Devido ao calo de estimação na C3 (não, não é um carro) que cultivo há mais de duas décadas graças ao bom e velho futebol, convivo com travadas de coluna regularmente. Nem incomoda tanto, já se tornou uma tradição. Meu desafio atual é aturar as travadas do blog, que vêm caminhando a passos largos para virar direito adquirido.
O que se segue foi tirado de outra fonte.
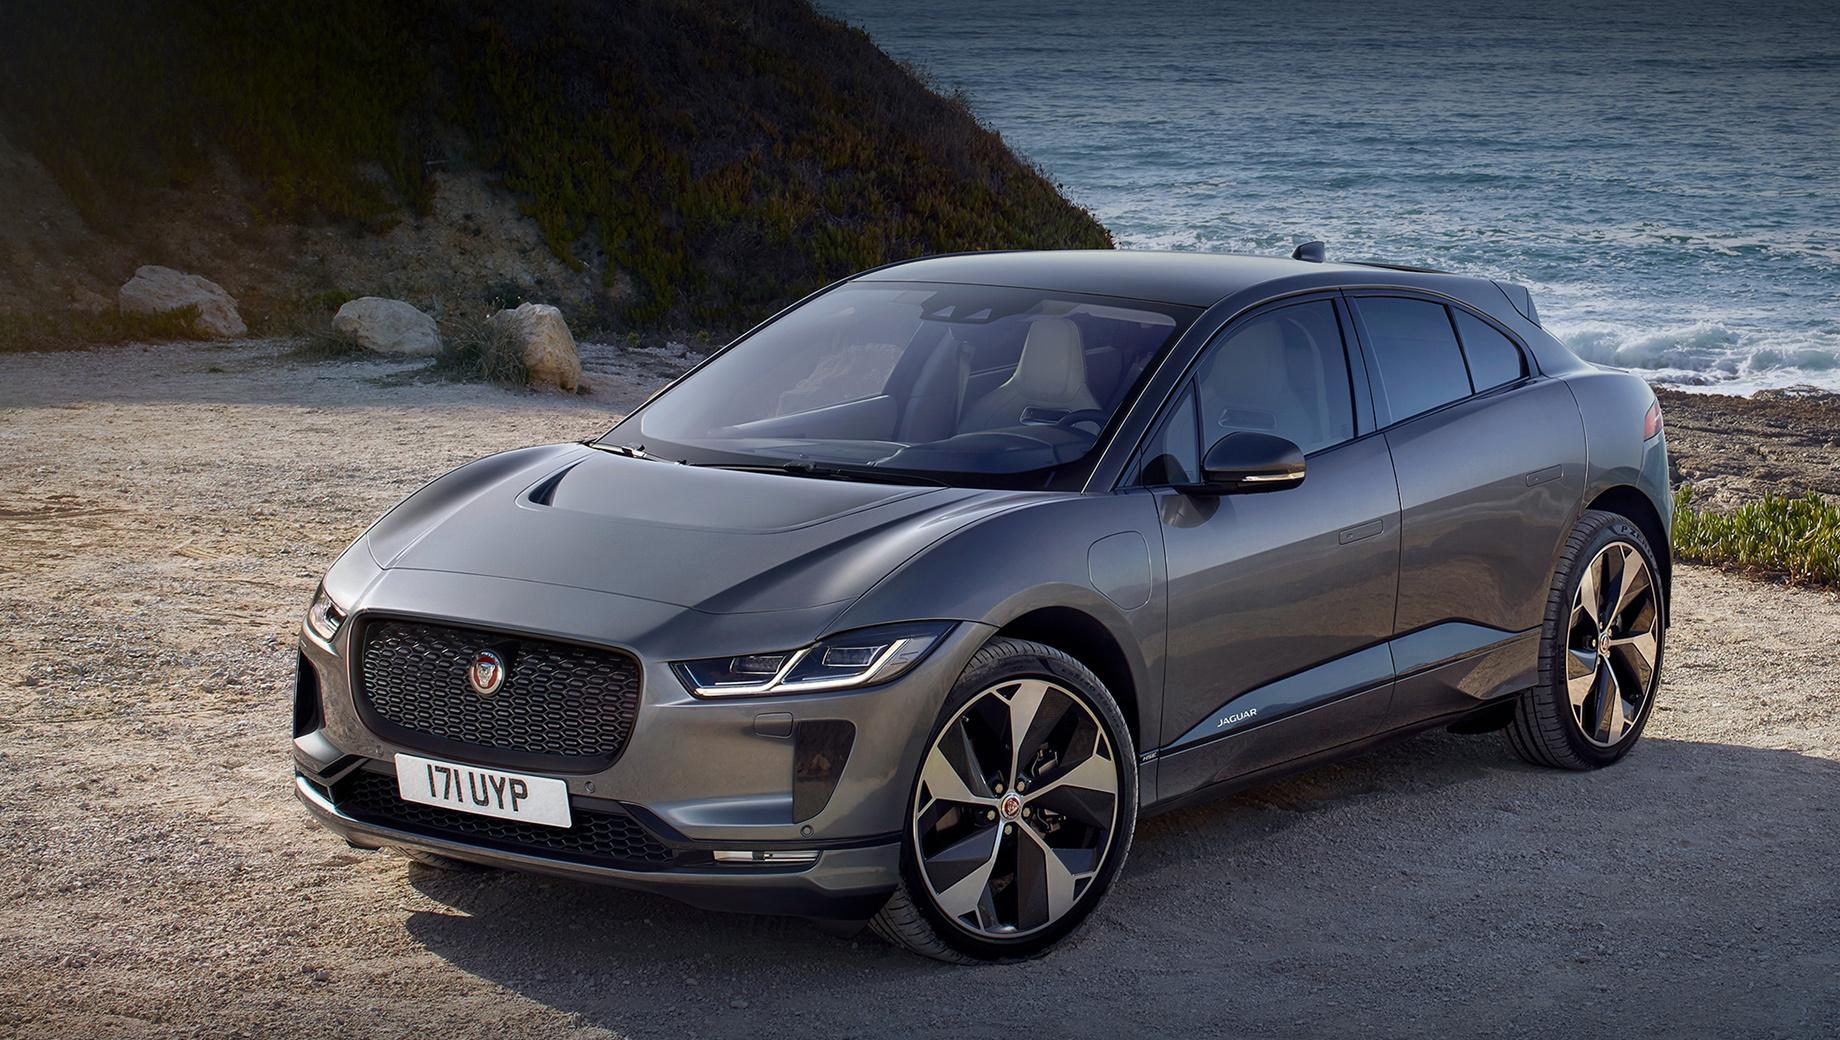 Jaguar i-pace,Audi e-tron,Mercedes eqc. За прошлый год россияне купили 128 паркетников Jaguar I-Pace. С января по конец апреля 2020-го продано 20 машин. Двухмоторная установка «ай-пейса» выдаёт 400 л.с., 696 Н•м. Батарейной ёмкости в 90 кВт•ч хватает на 480 км по стандарту WLTP.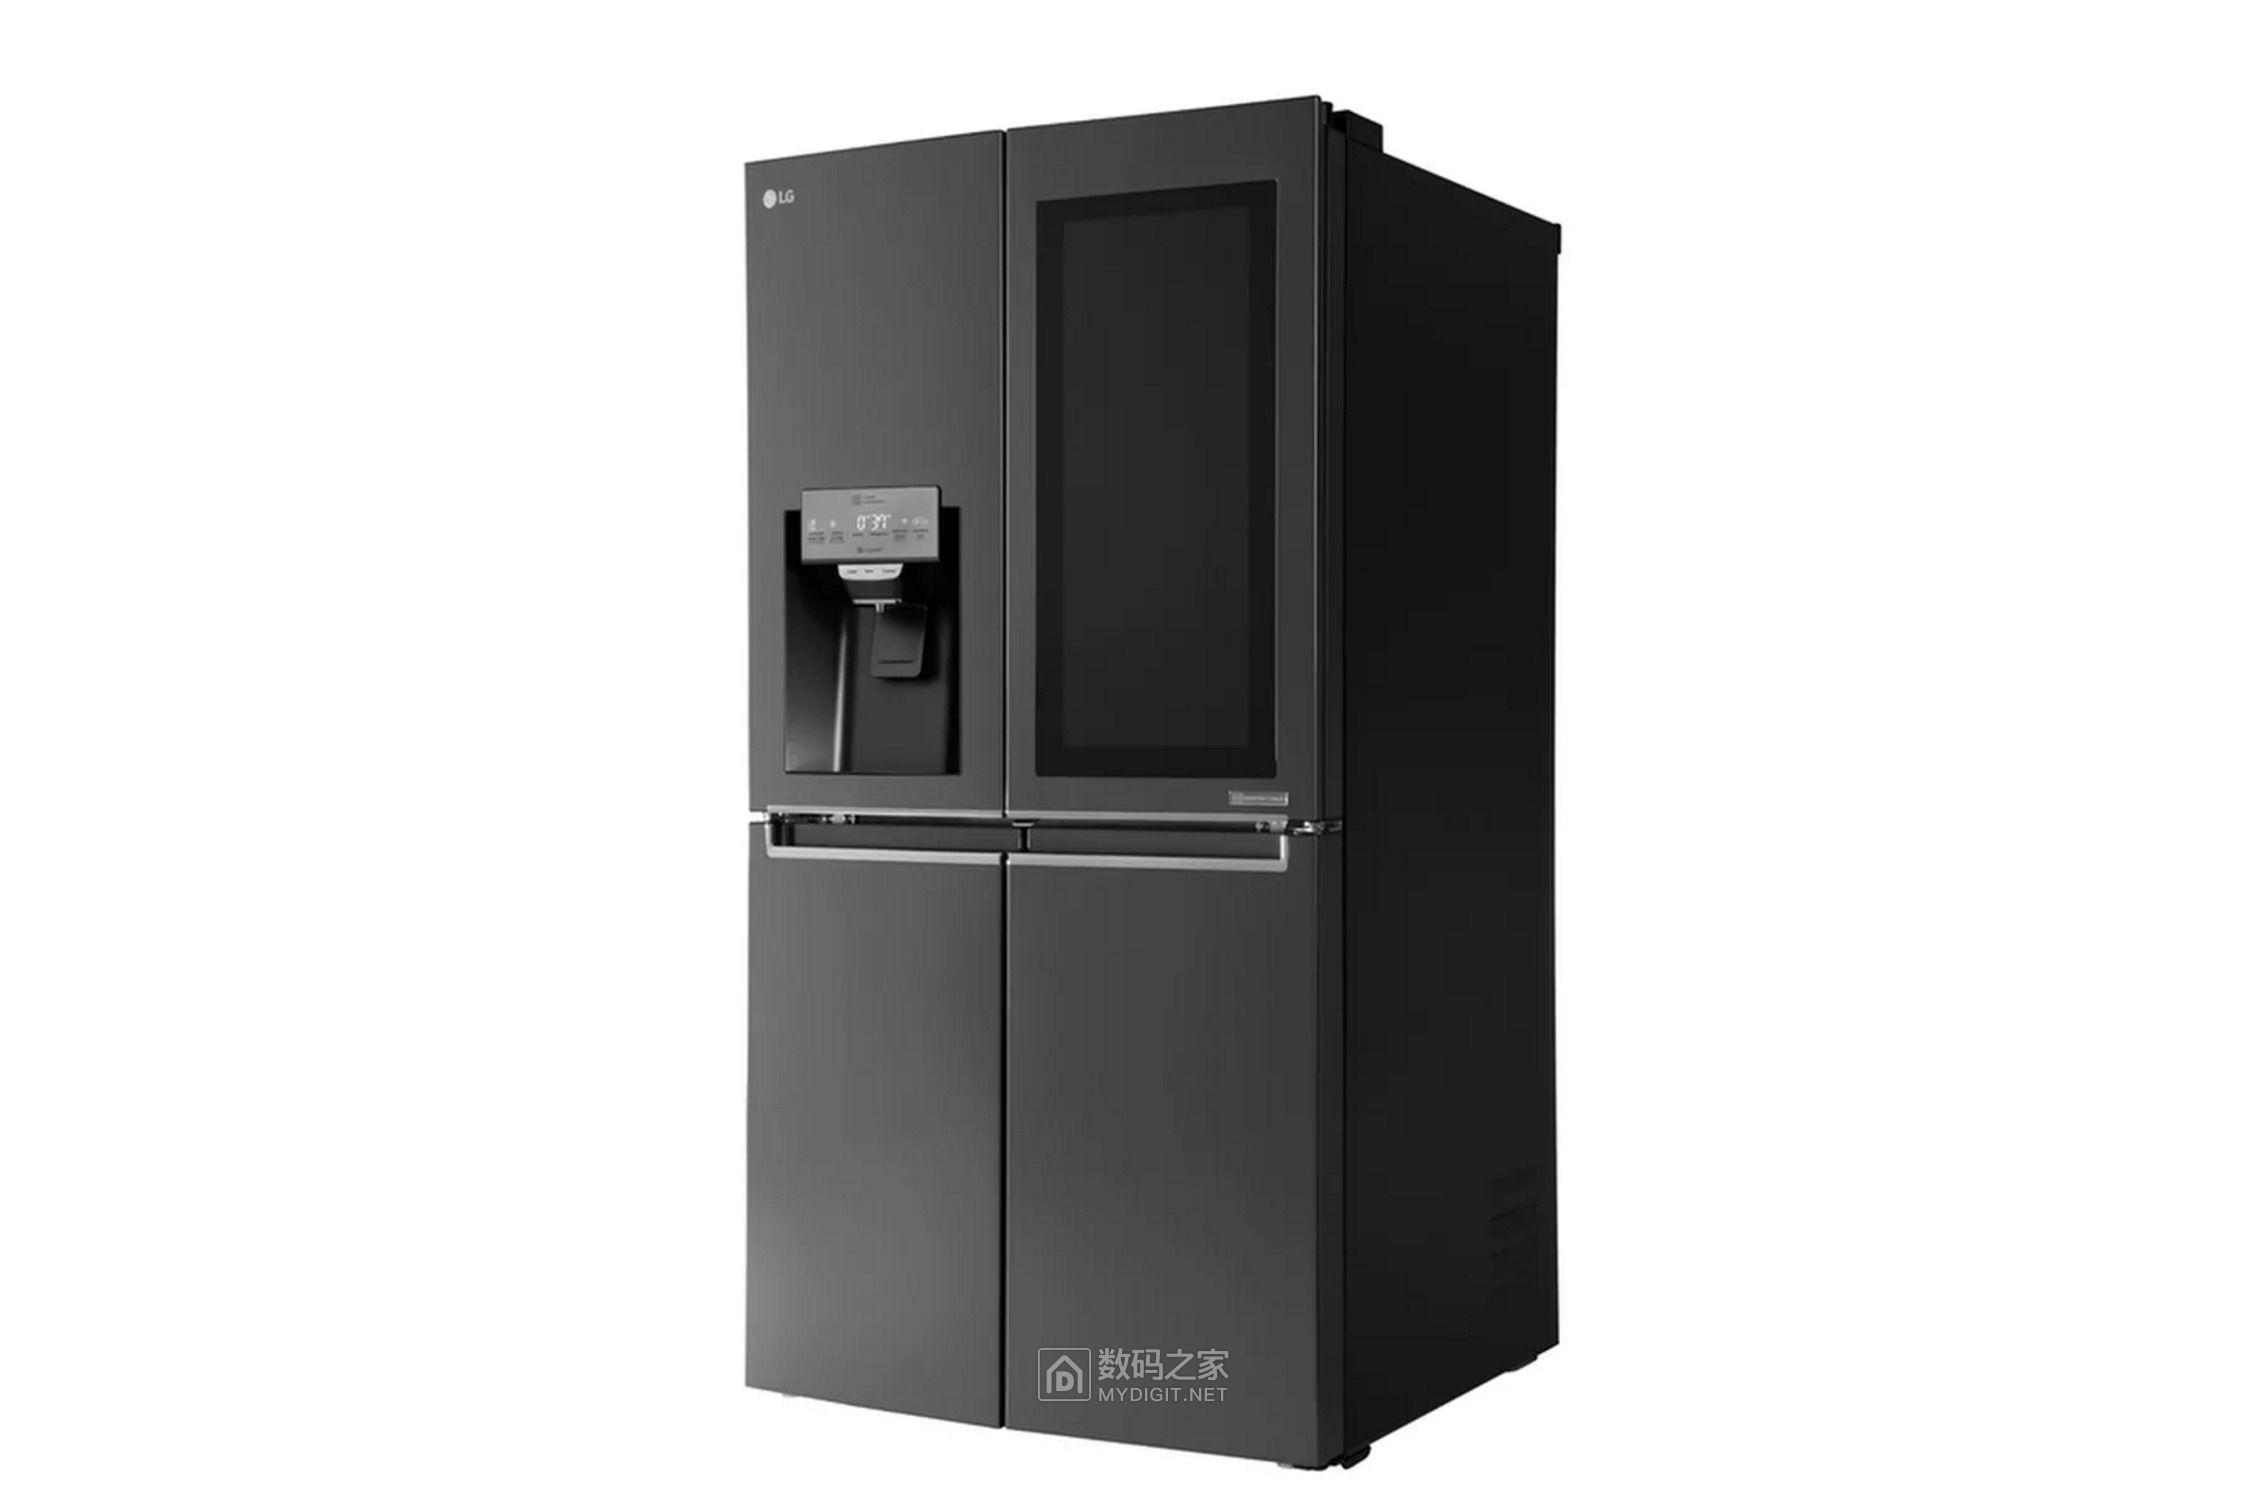 传统电视地位岌岌可危?LG新型智能冰箱自带多功能超大触屏

O WordPress é até legalzinho, mas com frequência demonstra tolerância zero com atualizações de plug-ins, o que levanta a suspeita de que se trata de um programa de direita, avesso a mudanças.

A partir de 15/03/2015 perdi mais uma vez o acesso ao blog, logo após tentar atualizar um plug-in estatístico. Contatei o pessoal do UOLHost, que foi, como sempre, simpático. E, também como sempre, não resolveu lhufas. Talvez a coisa esteja demorando tanto porque disse isso a eles, que suas intervenções sempre trazem no bojo um sonoro ‘se vira’, mas iniciam com um vocativo respeitoso e terminam com um adorável ‘continuamos à disposição’. Acho que magoaram e resolveram fazer pirraça. Ante o silêncio sepulcral que se sucedeu, tive que fazer contato por telefone para tentar resolver a contenda.

Alguma coisa aconteceu após isso, tanto é que já estou novamente postando, mas vale dizer que o texto foi digitado no Word e colado aqui, porque o editor do WordPress não me permitiu sequer escolher a fonte. A formatação foi para o brejo, mas quando for possível eu conserto. Faltam plug-ins e, agora, sua instalação e/ou atualização está inibida. Ainda não recebi nenhuma comunicação do suporte técnico do UOL, talvez ainda haja esperança de retorno à normalidade.

Oremos.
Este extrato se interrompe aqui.